My feeling is that, at the moment, E-Surge is a software you can't learn to use by yourself (at least I can't! up to now there is not something analogous to the Gentle Introduction to MARK for this software).
Even though I hope I will attend a Workshop on this software because it must be really worthing it, I would like to understand what is the best (and easily accessible) option in case you are using MARK.

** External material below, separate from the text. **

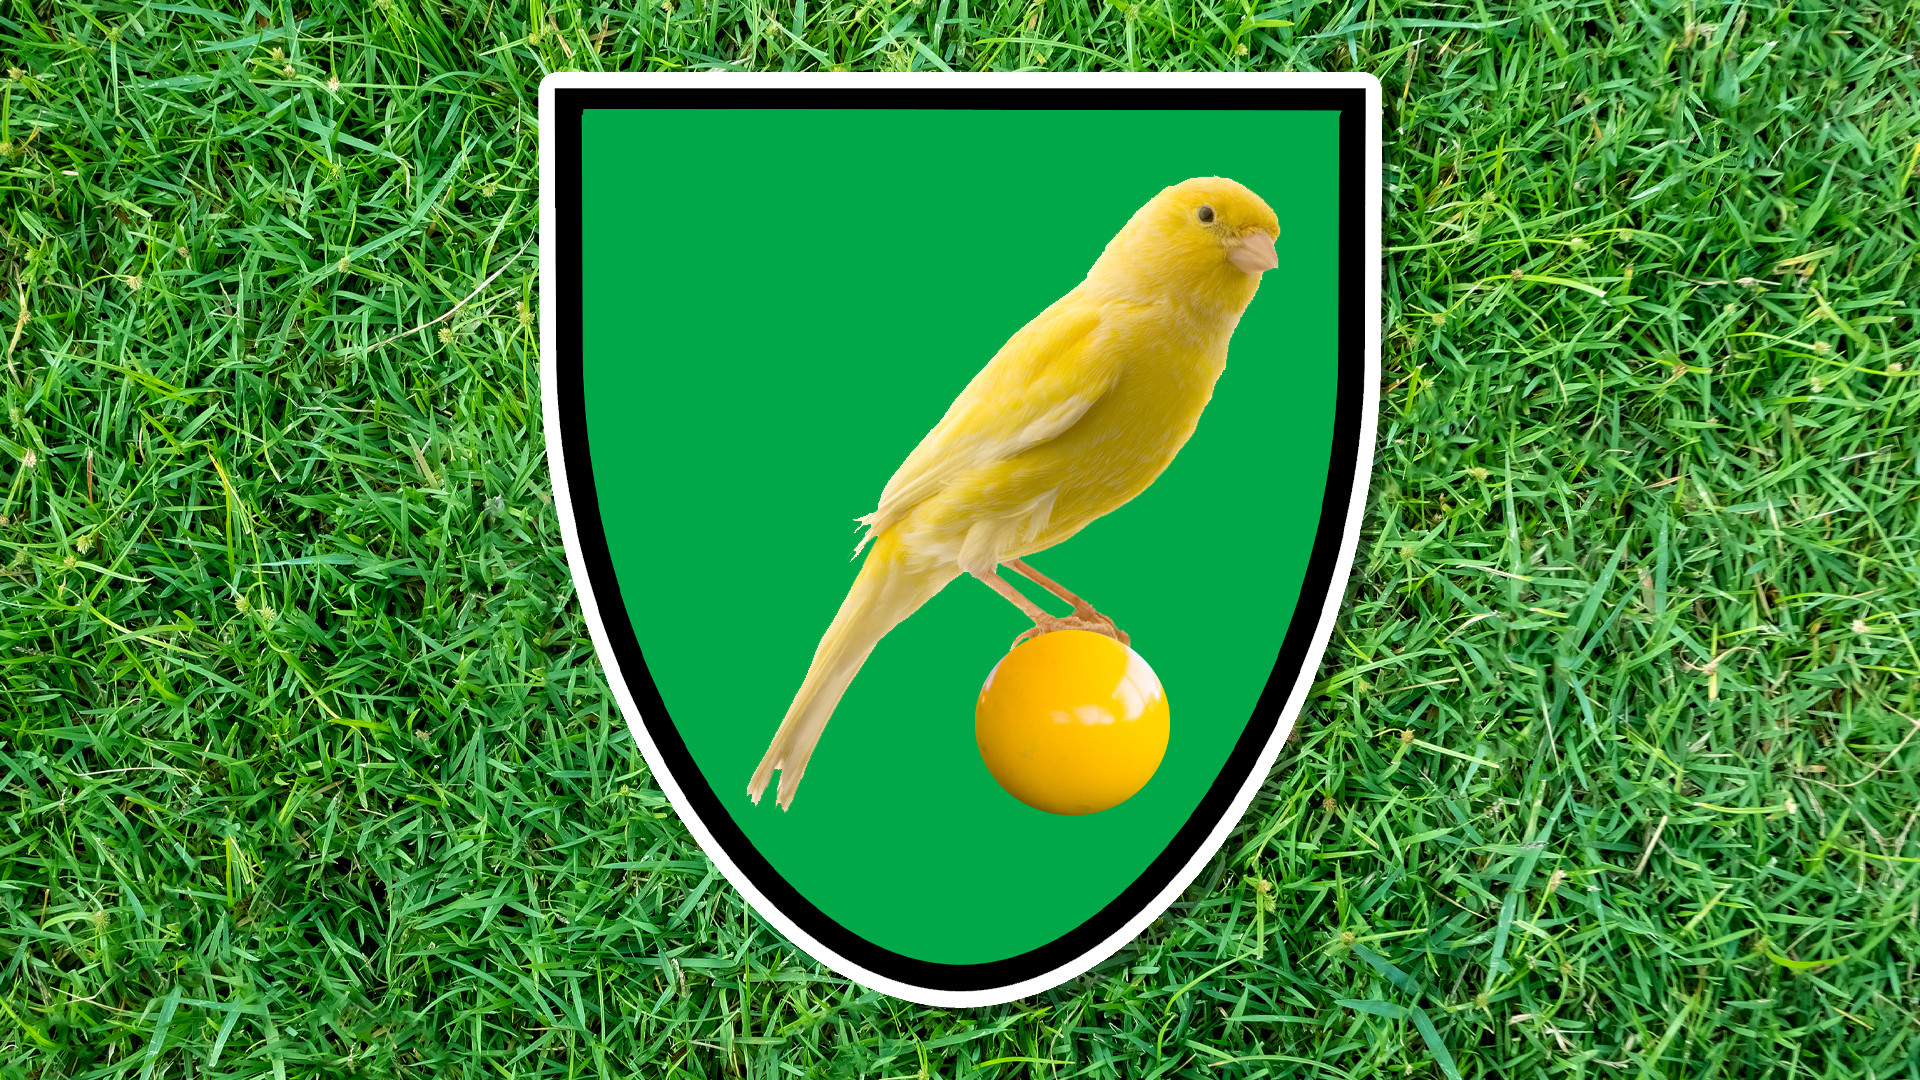 A yellow bird sits on a ball

In Conn and Cooch 2009, they compared the results of M-Surge on the data-censored (without "unknown" state) dataset and those of E-Surge on the same dataset not censored (by using Hidden Markov Models with "unknown", "apparently infected" and "apparently not infected" states). They found that the latter approach get much more precise estimates particularly when the unknown states make up a large percentage of the observations. They also stated that
Conn and Cooch, 2009 wrote: Censoring data when state cannot be ascertained is also a viable solution leading to unbiased estimators of parameters of interest. The issue the is whether to sacrifice some precision in favour of using a simpler model with fewer assumptions (e.g. by censoring data), or whether to employ a more complicated model to be able to utilize all available data (but perhaps at the expense of introducing bias if assumptions are not met)
.

Faustino et al. 2004 used an approach that is not equivalent to the approach implemented in M-Surge in Conn and Cooch 2009 (classic multi-state on censored data).
Faustino et al. 2004 used a double, sequential approach to deal with logistical limitations of their data (very similar situation I am dealing with).
They first made model selection on just phi and p on the complete dataset that included the unknown states (at this stage transition rates were constrained to vary only with disease state), and after they went on by shaping the transition rates on the data-censored dataset by holding fixed the structure of the model pertinent to phi and p as it was selected in the first stage.
As outlined also in the Conn and Cooch paper, the first approach of Faustino et al. 2004 should give typically unbiased estimates of survival and encounter rates and the second approach, as said above, should be unbiased on the transition rates estimates.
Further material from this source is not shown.